#### [Input data]

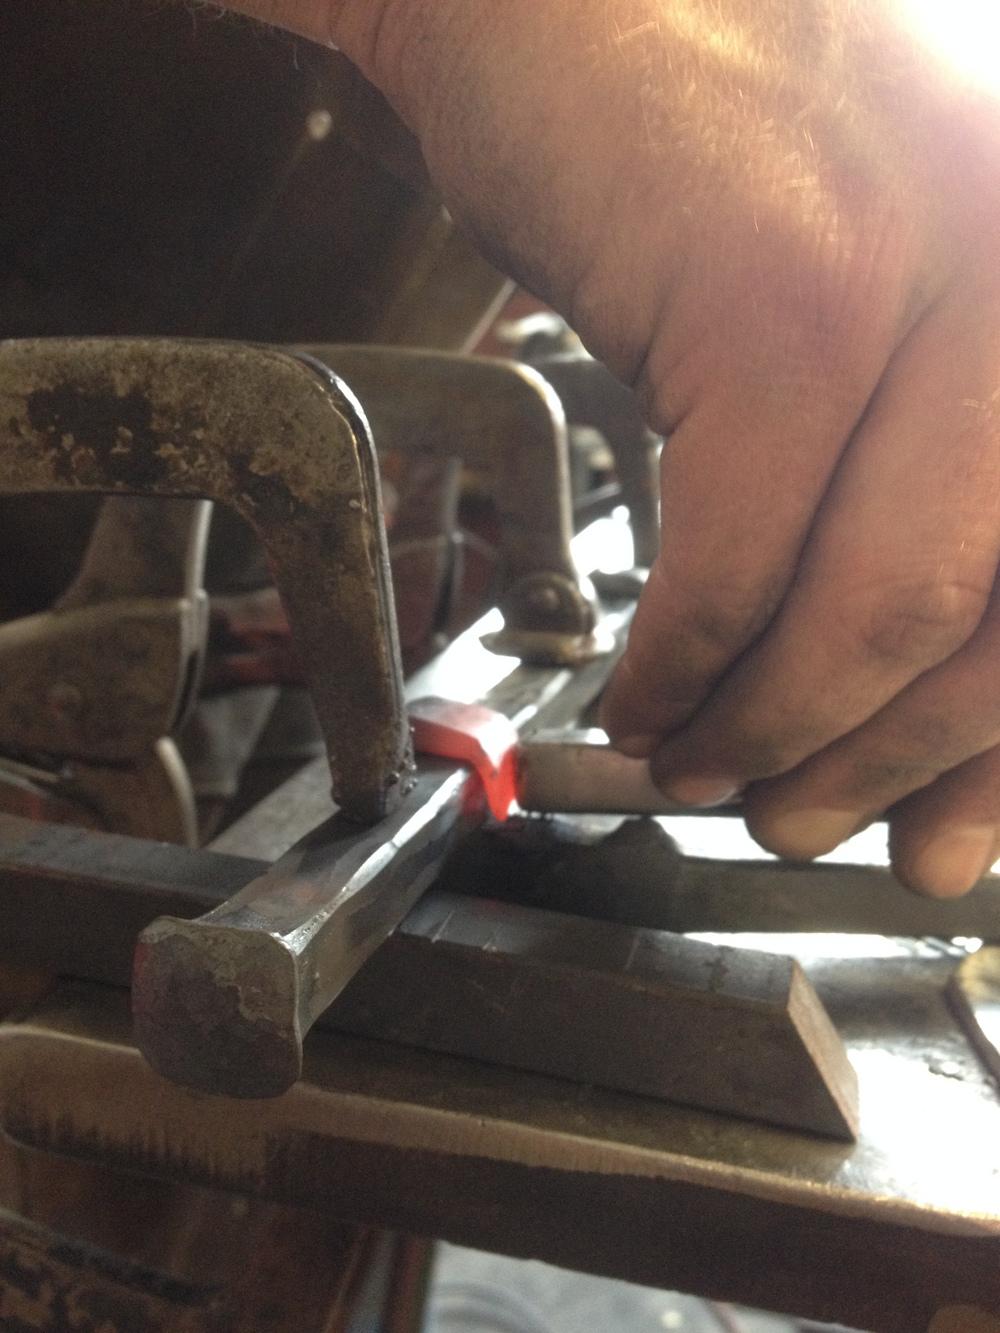 Forging fireplace tools
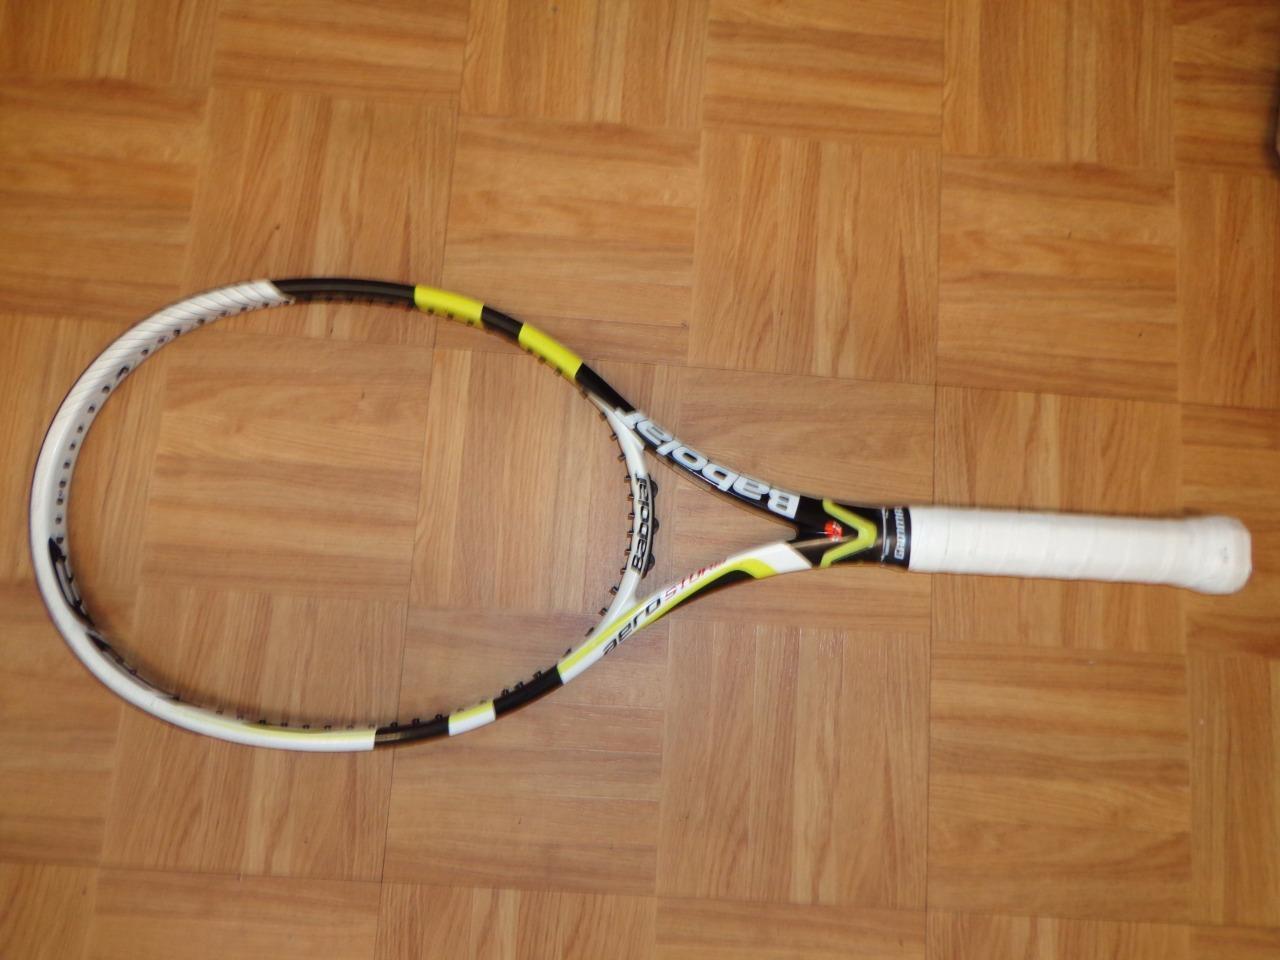 Babolat Aero Storm GT 98 Head 4 3 8 Grip 10.6 oz (environ 300.50 g) Raquette de Tennis
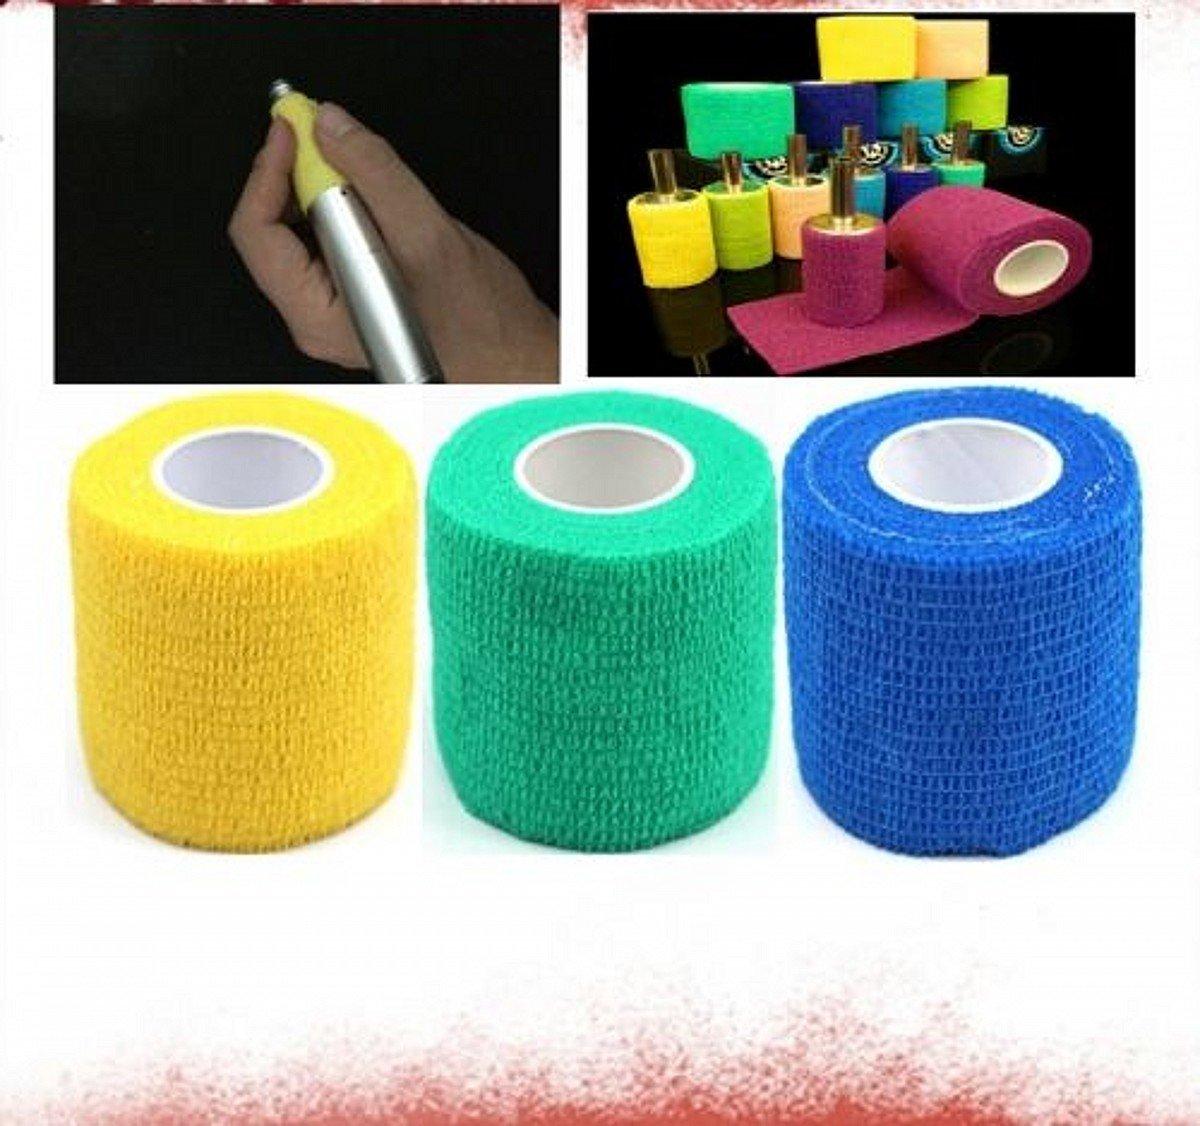 WellieSTR 3pc Medical gauze bandage permanent makeup pen stainless tattoo machine grip kit (random color) Ltd

#### [What the exercise asks]
Output a faithful copy of the data, with each picture left out.

#### [Output of the task]
 Forging fireplace tools
 Babolat Aero Storm GT 98 Head 4 3 8 Grip 10.6 oz (environ 300.50 g) Raquette de Tennis
 WellieSTR 3pc Medical gauze bandage permanent makeup pen stainless tattoo machine grip kit (random color) Ltd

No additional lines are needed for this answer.